The Weber Cup, named after Dick, is a Ryder Cup-style event that pits European and American ten-pin bowlers against one another. It is held annually in England. From 2008 to 2010, the PBA had a tour stop named the Dick Weber Open. In 2011, the PBA named its all-new playoff series the Dick Weber PBA Playoffs.

"He was the greatest ambassador in the history of the game. Everybody liked Dick Weber, even the guy he was beating. Like (Arnold) Palmer, he's the one who got everyone interested in his sport."
— —PBA Commissioner Tom Clark in 2016.

On April 17, 2006, the inaugural Dick Weber Tribute was held in St. Louis. Organized by Bill McCorkle, the event attracted many of bowling's top luminaries. The event was attended by over 20 members of the Weber family, representing four generations, as well as over 50 professional bowlers, including champions and members of the Hall of Fame.

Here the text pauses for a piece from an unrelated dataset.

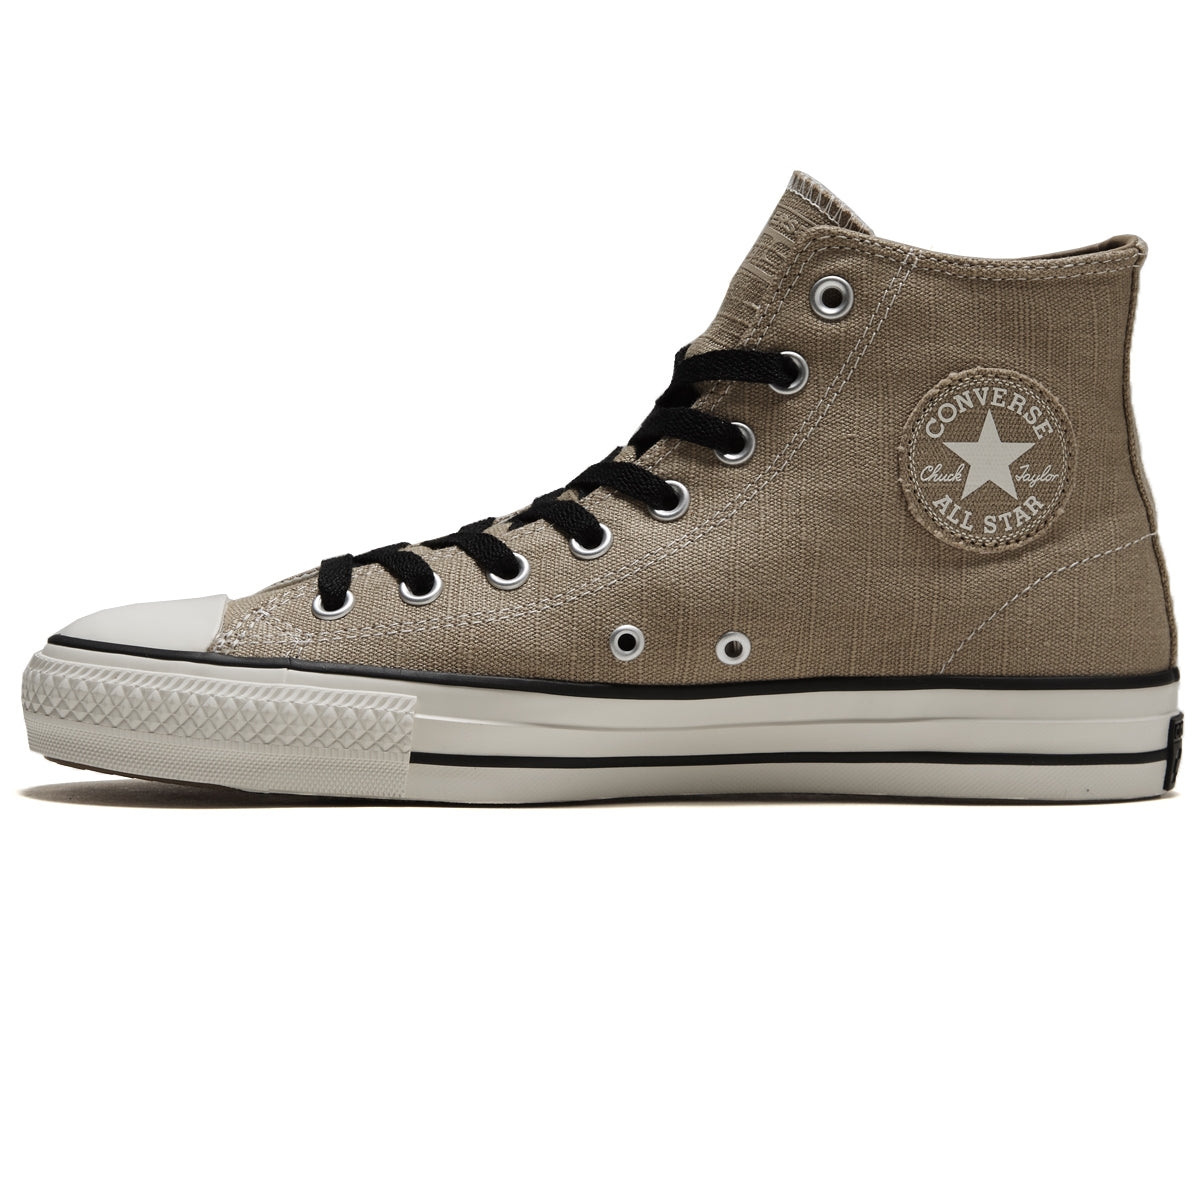 Converse Chuck Taylor All Star Pro Hi Shoes - Nomad Khaki/Black/Egret – CCS
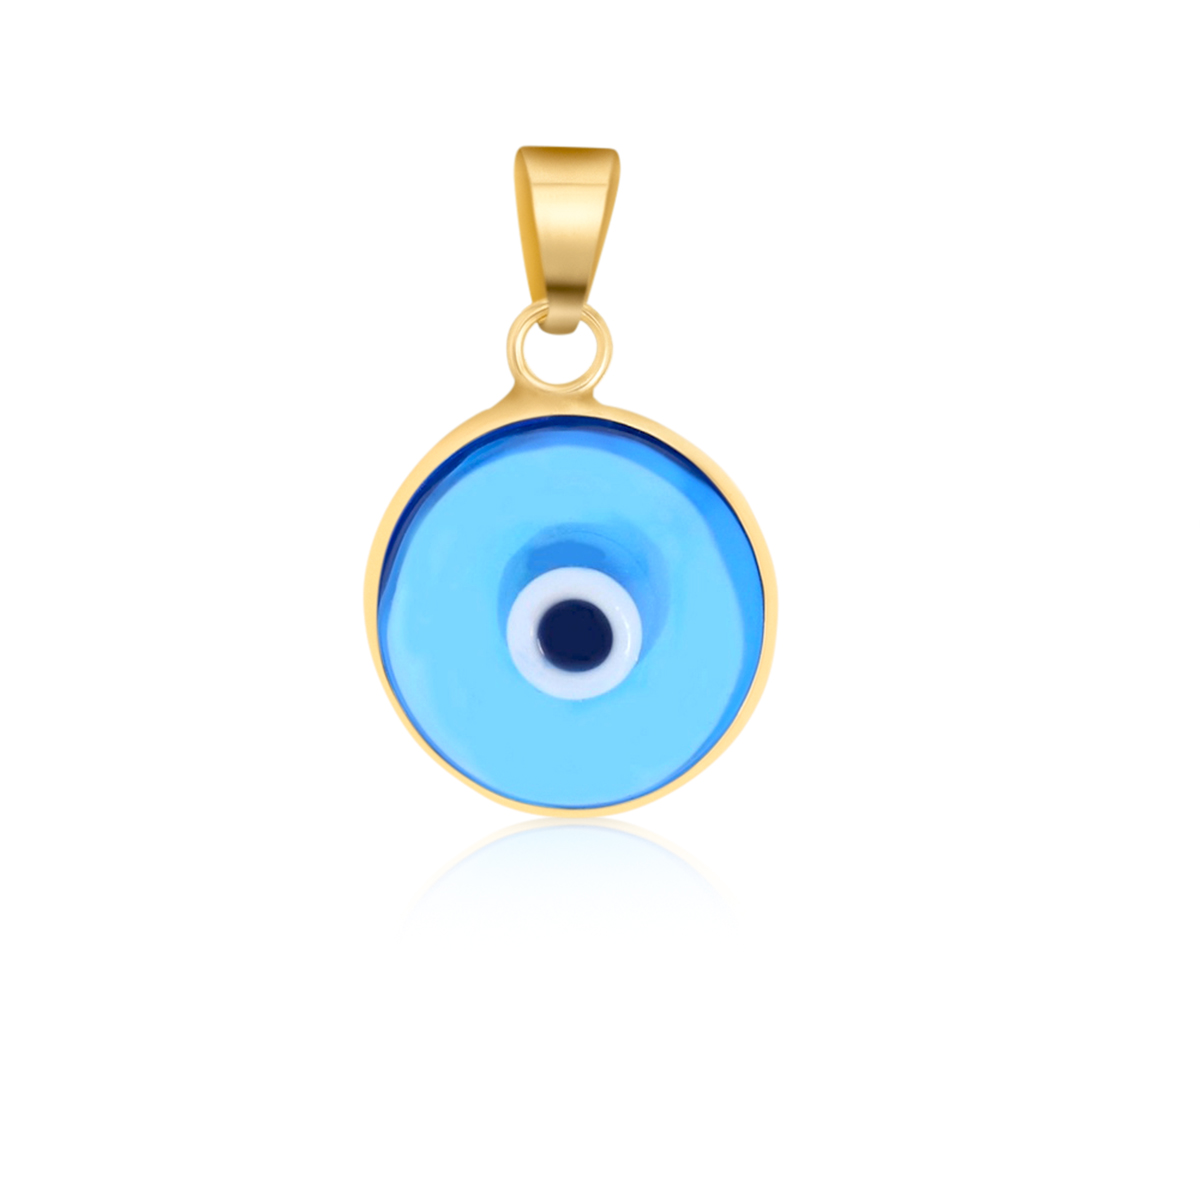 Goldanhänger blaues Auge in 585 Gelbgold 8002 jetzt online

The highlight of the evening came when Pete Weber delivered a moving tribute. Many in the audience had never seen this side of him before.

A documentary on the life and fame of Dick Weber was released on March 23, 2007, by Live Technologies, Inc. and Bill McCorkle. It consists of interviews with many current and former professional bowlers, family, and sportscasters as well as footage covering Weber's 60-year history as a professional athlete.

Said all-time PBA major titles leader Jason Belmonte in 2026, "The Weber name, it is bowling. I have a lot of respect for the Weber name."

Weber's legacy also lives on through the Bowling Proprietors Association of America (BPAA), which began giving out an annual BPAA Dick Weber Bowling Ambassador award in 2006 (won that year by Dick Ritger). The most recent award winner was Larry Nowak in 2025. Also, the PBA50 Dick Weber Sportsmanship Award is given annually to the "senior tour" player that best represents Weber's class, character and humility during a given season.